Despite critical injuries sustained after falling from a truck, seventeen-year-old Amos had a chance at survival. His path to healing was a life-saving technique known as ECMO. But there were no reports of the procedure being available in Kenya.
Doctors at Tenwek’s Casualty Department had already inserted a chest tube into his left lung. More was needed to save his life though, after the major bronchial tubes in his right lung ruptured. Amos was rushed into the operating room, where a team led by Dr. Arega Fekadu Leta, a graduate of Tenwek’s Cardiothoracic Fellowship program, removed two-thirds of Amos’ badly injured right lung and repaired the leaks in his airways.
But the remaining upper lobes of both lungs were too damaged to sufficiently facilitate breathing. As the surgical team watched Amos’ oxygen level plummet, it became clear that Extracorporeal Membrane Oxygenation (ECMO) was his only chance at survival. Fairly common in tertiary care facilities in the United States, ECMO is essentially a temporary substitute for failing lungs.

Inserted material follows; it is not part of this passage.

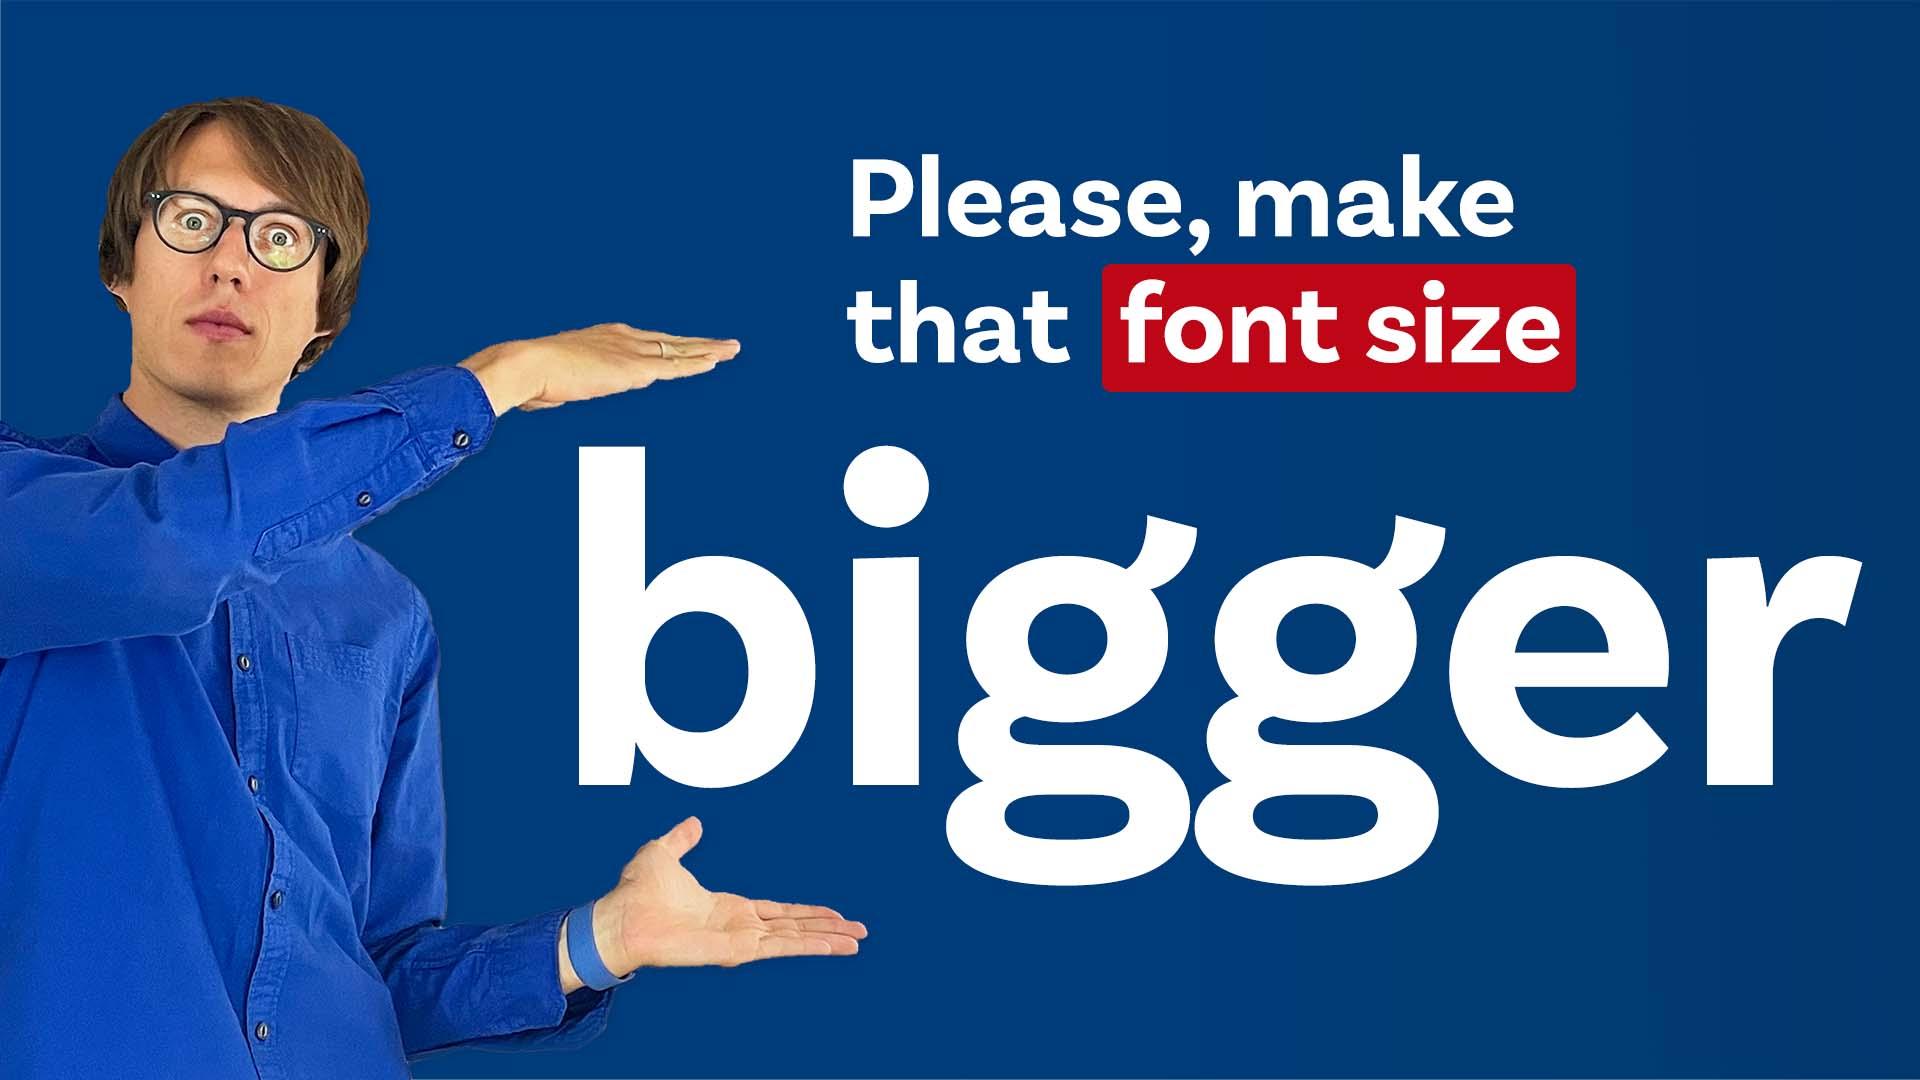 Please, make that font size bigger

By God’s providence, Dr. Hale Wills, a visiting pediatric surgeon with expertise in ECMO, was in the operating room that morning. So was long-term missionary Bob Groom, a perfusionist and ECMO specialist who had recently brought to Tenwek the components needed to build an ECMO circuit. After a rapid assessment of Amos’ situation and a pause for prayer, the surgical team began the venovenous ECMO procedure. Blood was withdrawn from Amos’ femoral vein and pumped through an artificial lung for oxygenation and carbon dioxide removal. The oxygen-rich blood was then returned downstream into his circulatory system near the heart.
Almost immediately, Amos’ blood oxygen levels returned to normal levels and the high blood lactate level caused by the period of low oxygen was corrected. The ventilator settings were adjusted to reduce the strain on his damaged lungs. After 91 long hours of support, Amos’ recovered lungs were gradually allowed to resume their life sustaining respiratory function. Within a few days, the breathing tube was removed from his trachea and his unassisted breathing was sufficient.
Reflecting on the experience, Bob noted, “If someone had asked me, I would have said maybe in three to five years we might have ECMO support available at Tenwek Hospital. But God had another plan and brought together everything that was needed in terms of supplies and expertise to save Amos’ life that day.”
We treat, Jesus heals – Tenwek’s mission endures. We give thanks and praise to the One who is able to do exceedingly and abundantly more than we could ever ask or think!